Tre giorni e due notti dopo («Saltò fuori, prima che arrivassimo a Bologna, che uno di noi aveva tenuto una pistola: un errore che potevamo pagare caro») il convoglio coi carabinieri clandestini era alle viste della stazione Termini. Occupata già il 9 settembre dei nazisti. Che rastrellavano i nostri militari per spedirli in Germania: «Il treno, per fortuna, prima di entrare sotto le pensiline, si fermò. Riuscimmo a scendere. Miracolosamente liberi. Meglio ancora: sempre clandestinamente, poche ore dopo, approfittando della baraonda, riuscimmo perfino a salire su un treno locale che scendeva verso Napoli...».
Fame e freddo
Superata Cassino prima che la «Linea Gustav» dei tedeschi contro gli Alleati che risalivano la penisola, operativa dal 4 ottobre, diventasse una barriera impossibile da penetrare, Vittorio e i suoi sei commilitoni arrivarono fino a Pignataro Maggiore, una ventina di chilometri a nord di Caserta: «Da lì in avanti, niente treni. Proseguimmo a piedi, guardinghi, decisi a evitare Napoli e Salerno dopo lo sbarco anglo-americano, verso Potenza. Mangiavamo la frutta sugli alberi, le carote, le verdure che trovavamo negli orti. Mai avuta tanta fame. E tanto freddo di notte. All’addiaccio. A Potenza, stanchi morti, ci presentammo ai carabinieri. Il comandante si guardò e disse: “E io che devo fare? Non abbiamo disposizioni”. Proseguimmo scendendo verso Sapri. E da lì, faticosamente, con le piaghe ai piedi, ci facemmo tutta l’interminabile costa campana, lucana e calabrese fino a Bagnara Calabra. Di là del mare, nel sole, c’era la Sicilia».

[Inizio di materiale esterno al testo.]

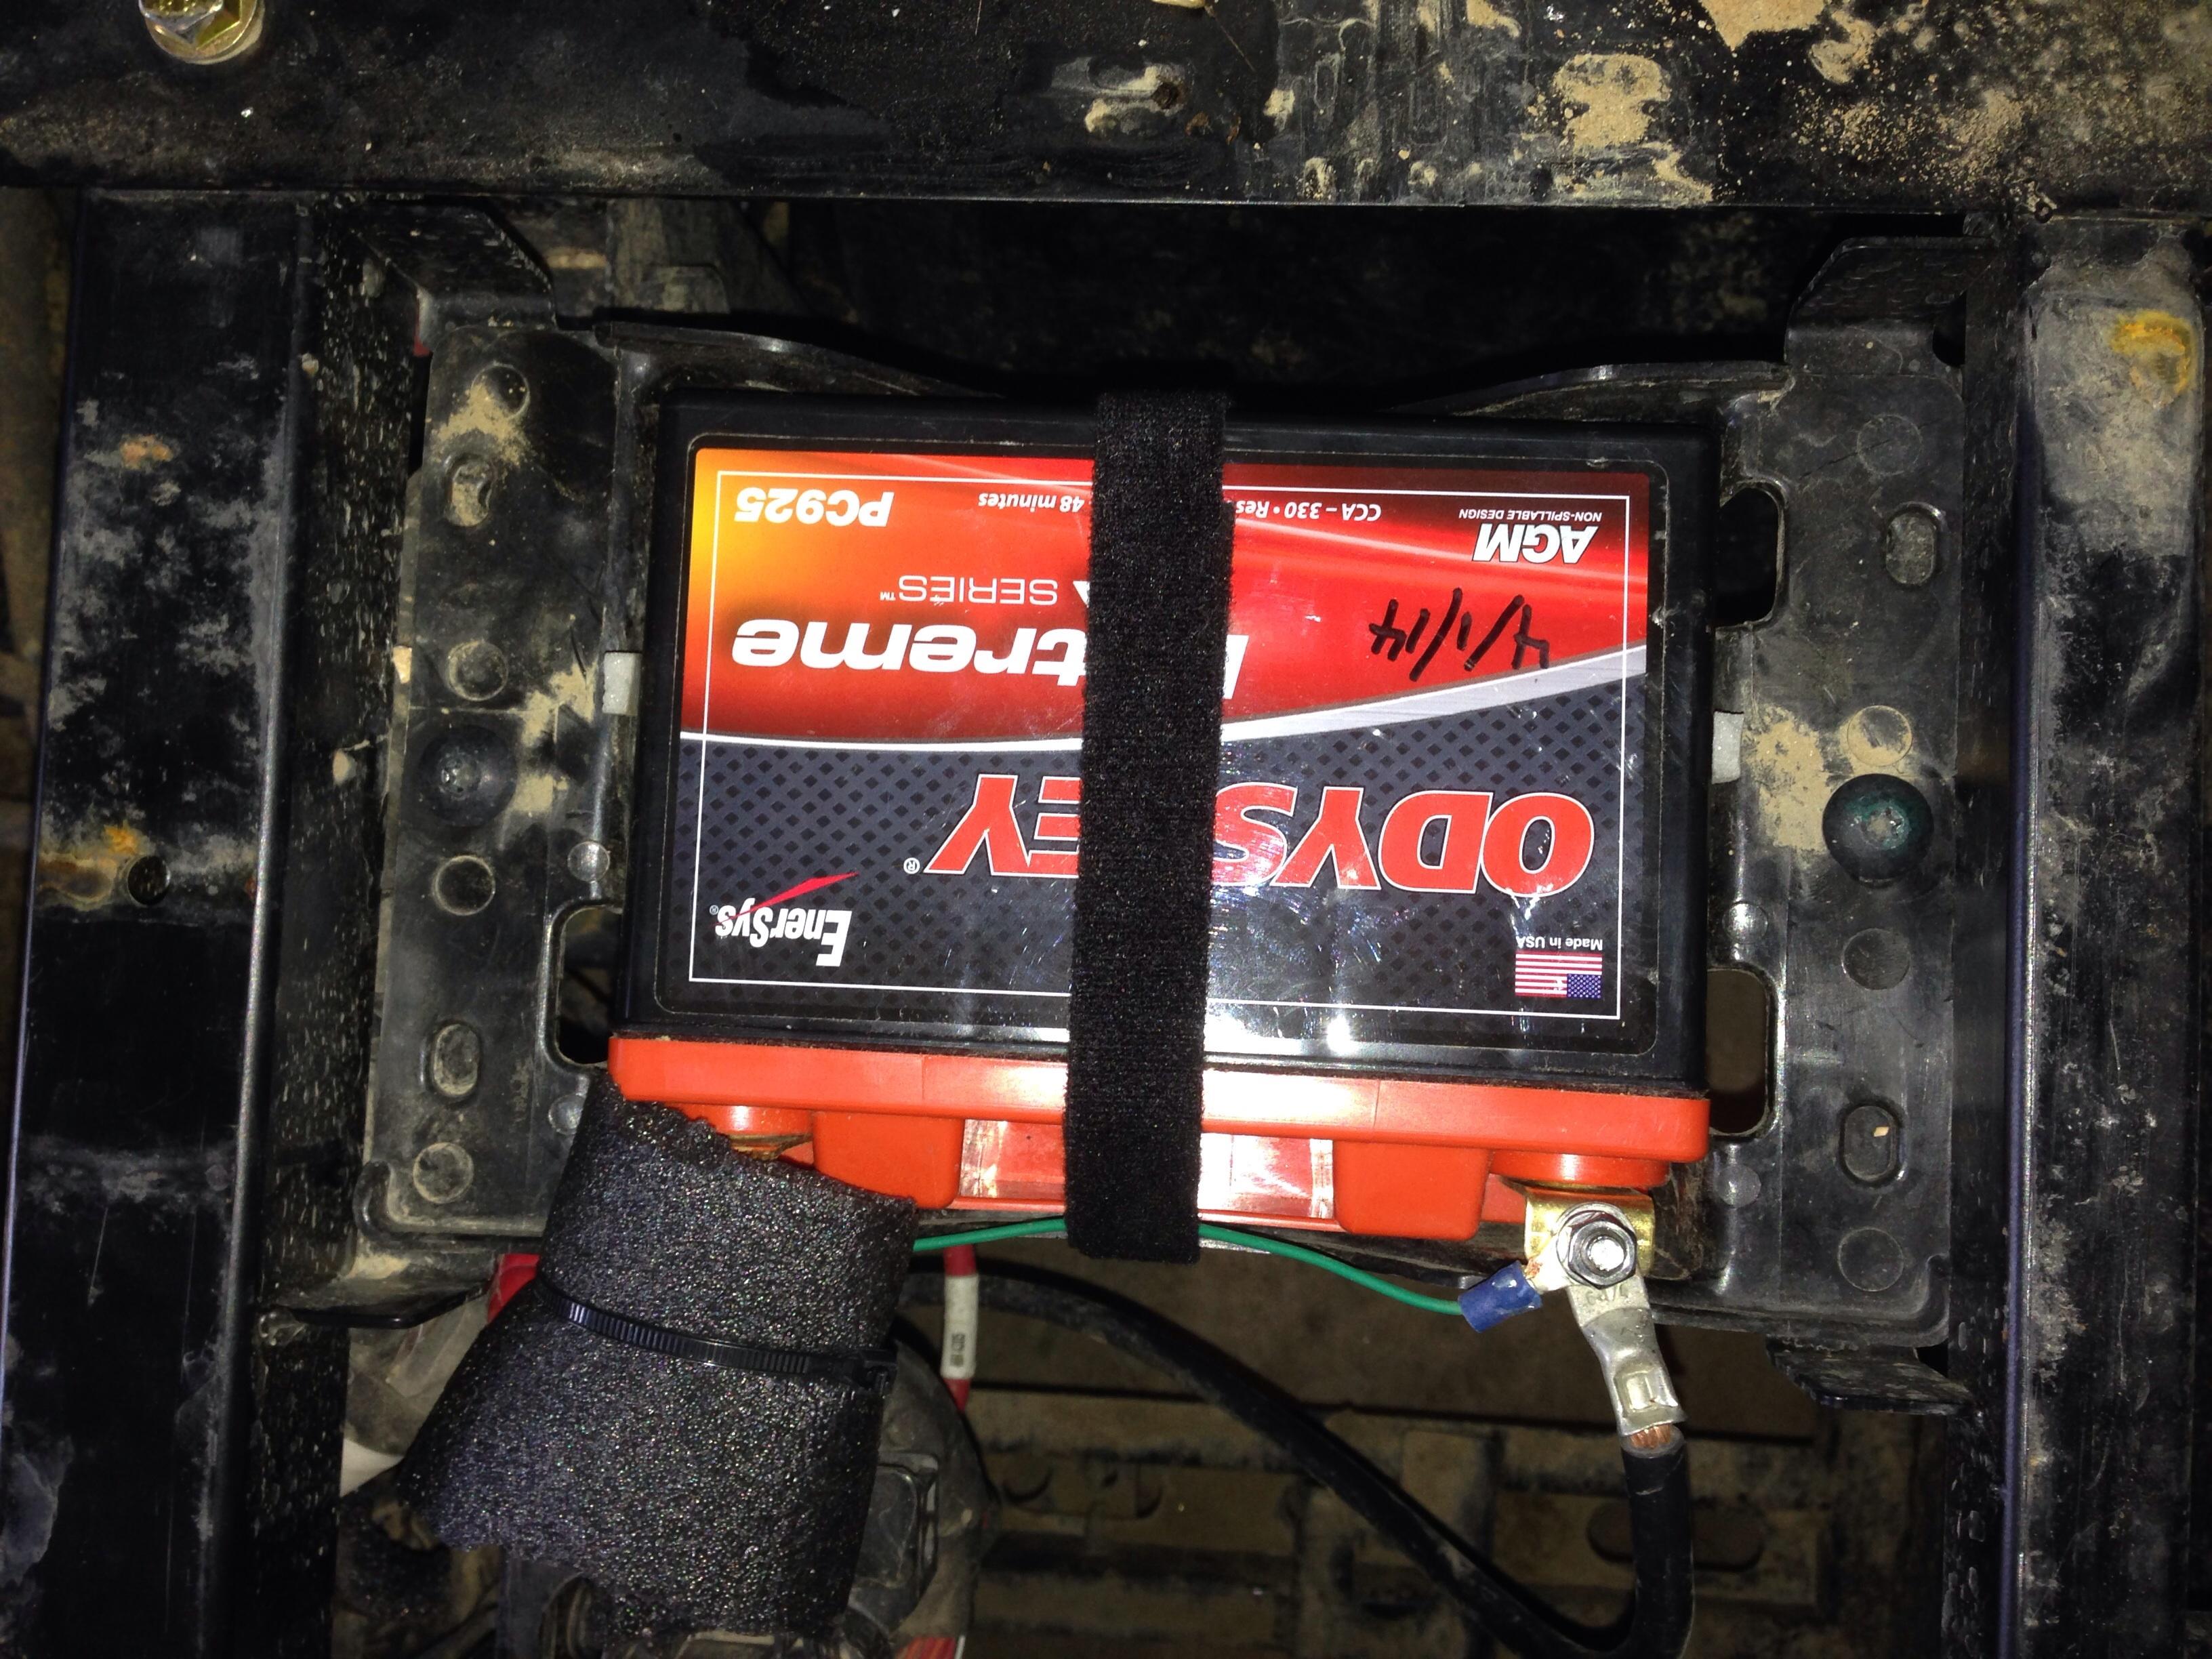 New Odyssey Pc925 Battery Install

Horcynus Orca racconta che lì Andrea Cambria, il profugo dell’8 Settembre, riuscì a farsi portare in barca da una «femminota, Ciccina Circè, che per la traversata si fa aiutare dalla fere: le incanta con il suono di una campanella che tiene a bordo, gli animali che saltano intorno alla barca tengono lontani gli spiriti dei molti soldati morti in quel tratto di mare». Lui e i suoi compagni di odissea no: «Ci aiutò un pescatore con una barca di sei metri. A remi. Erano otto miglia marine. Remammo e remammo. Quando misi il piede a Torre Faro, sulla terra nostra, mi sentii scoppiare il cuore». Mancavano ancora, seguendo la costa per arrivare a Patti, al paese, alla casa dei genitori che da settimane non avevano notizie di Vittorio e degli altri quattro figli in guerra, 74 interminabili chilometri. Un golgota. Ancora a piedi. Quando arrivò era il 26 ottobre. La mamma pianse. Poi buttò la pasta. Col pomodoro e la cotica.